Il libro racconta la storia di Nico, 12 anni, che vive con mamma, zia, nonna, bisnonna e cugine varie in un casolare fuori città – ci sono donne più anziane che hanno imparato a dire No solo con gli anni e l’esperienza e che insegnano la bellezza della disobbedienza ai più giovani. Nonna Nicolina, per esempio, “ci tiene molto alla parola NO! Dice che è una delle sue preferite, perché nella sua lunga vita – racconta Nico – ha detto troppi sì senza essere convinta. Disse sì quando avrebbe voluto studiare Fisica e si fece convincere a iscriversi a Lettere. Disse sì quando era innamorata segretamente di un compagno di studi ma si fece convincere a sposare il bisnonno perché era straricco. Disse sì quando avrebbe voluto insegnare a scuola ma si fece convincere a rimanere al casolare per occuparsi della piccola Alberta.

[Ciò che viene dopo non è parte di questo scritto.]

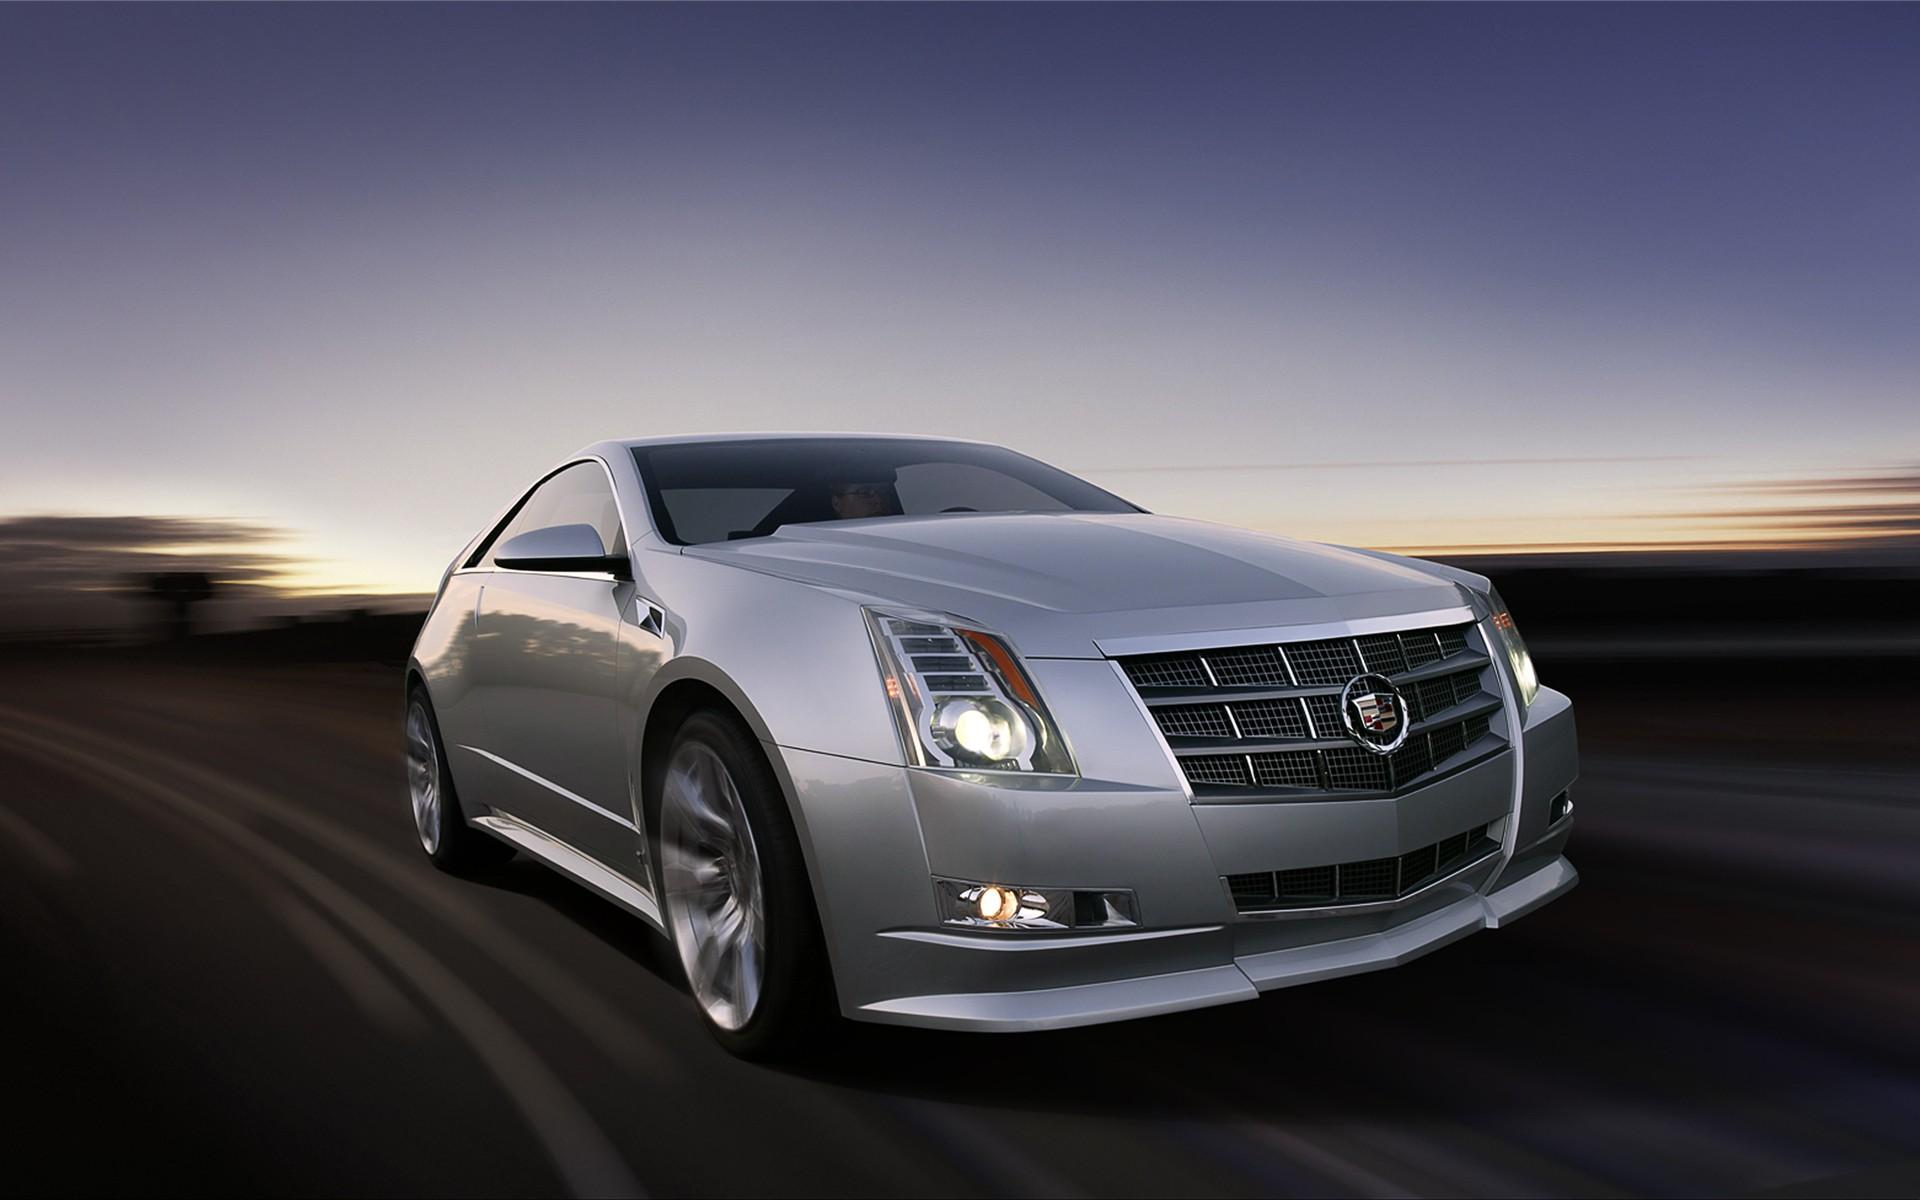 Best Cadillac Cars

La casa editrice spiega che è importante guidare bambini e bambine ad avere una voce forte e chiara sui propri diritti, sia affinché nessuno approfitti di loro, sia perché in futuro non diventino adulti/e che approfitteranno degli altri.

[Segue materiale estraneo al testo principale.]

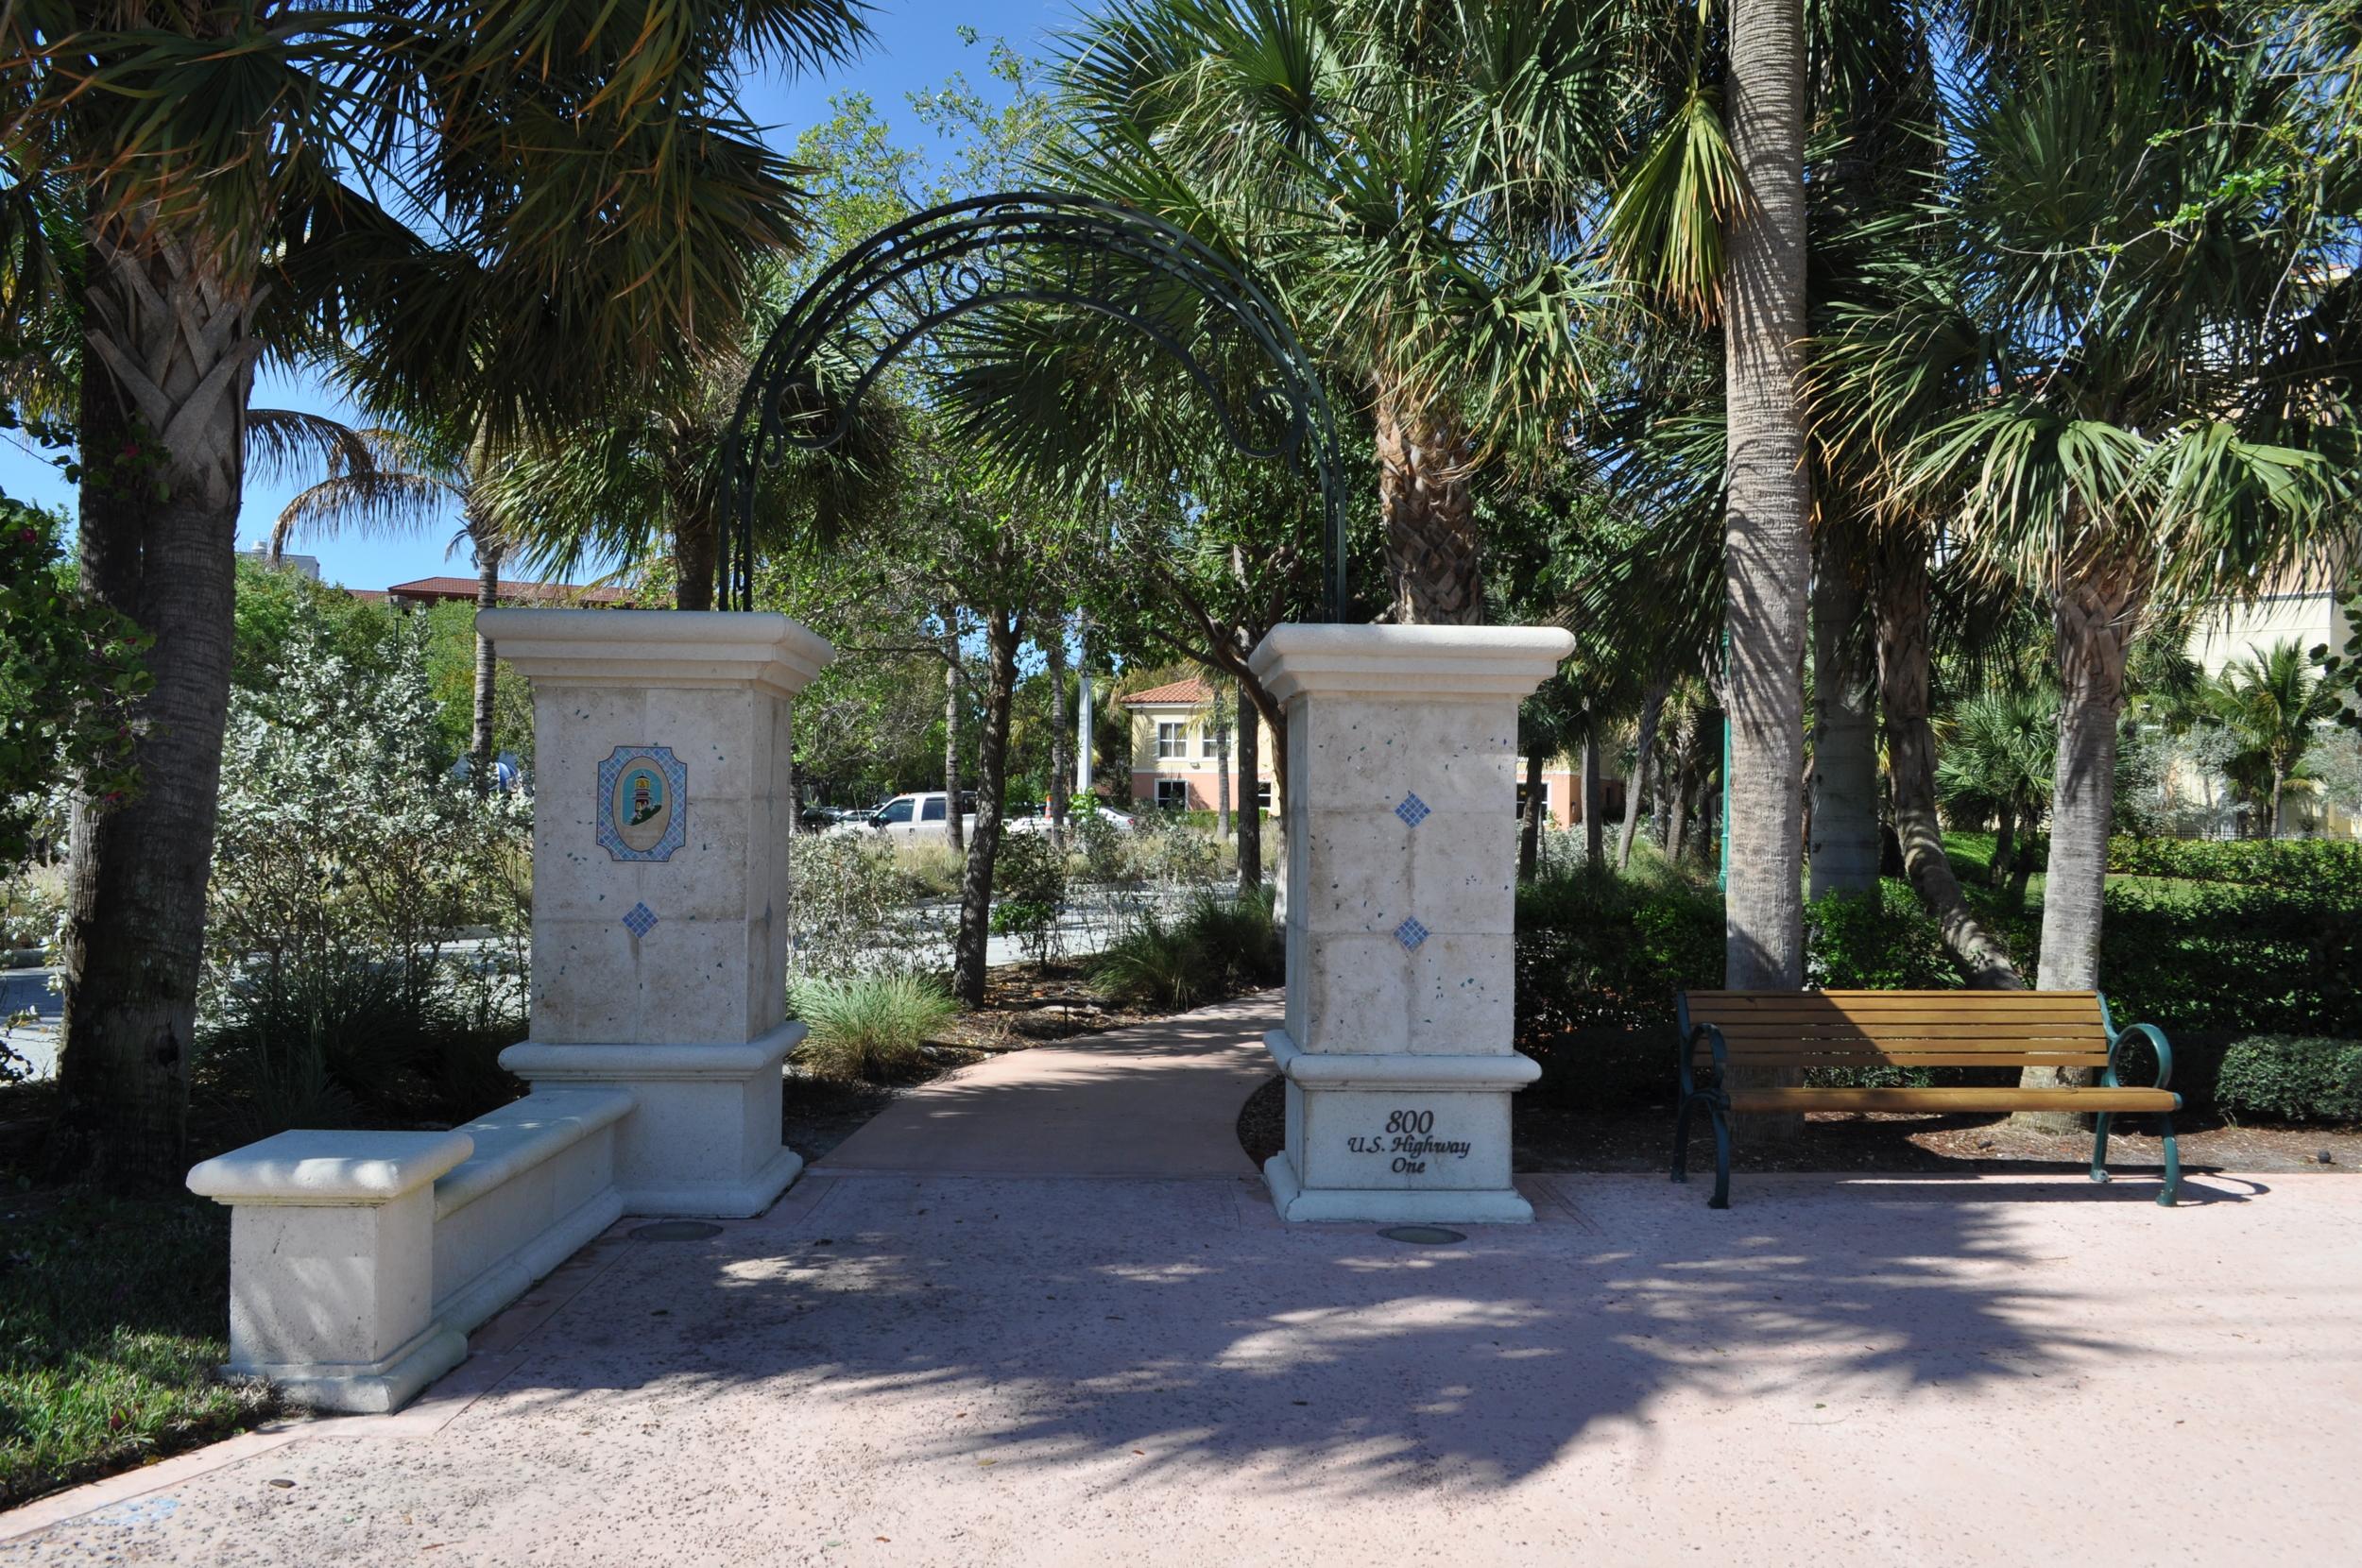 Jupiter Yacht Club Florida Riverwalk Gateway Entry Bench.JPG

Altrettanto fondamentale è insegnare sin da piccoli/e che può essere giusto dire NO quando qualcuno vuol decidere sulla loro vita senza tener conto dei loro desideri; a maggior ragione se e quando queste decisioni non sono supportate da validi motivi ma condizionate da idee stereotipate.

I grandi, i genitori in particolare, hanno il dovere di guidare i/le figli/e nelle scelte, ma ciò non significa che devono sostituirsi a loro. Devono consigliare sì in base alla propria esperienza, ma con la consapevolezza che non sempre ciò che ritengono “giusto” per loro lo sia anche per i propri figli. Ogni genitore dovrebbe poi sempre fare i conti con i propri pregiudizi e idee stereotipate, in modo da superarli e non trasmetterli a chi rischia di esserne suggestionato per sempre.

Dire NO non si traduce dunque in egoismo o rifiuto di relazione, ma in consapevolezza e coscienza di sé: non è possibile instaurare rapporti armoniosi con gli altri se prima non si crea armonia in se stessi.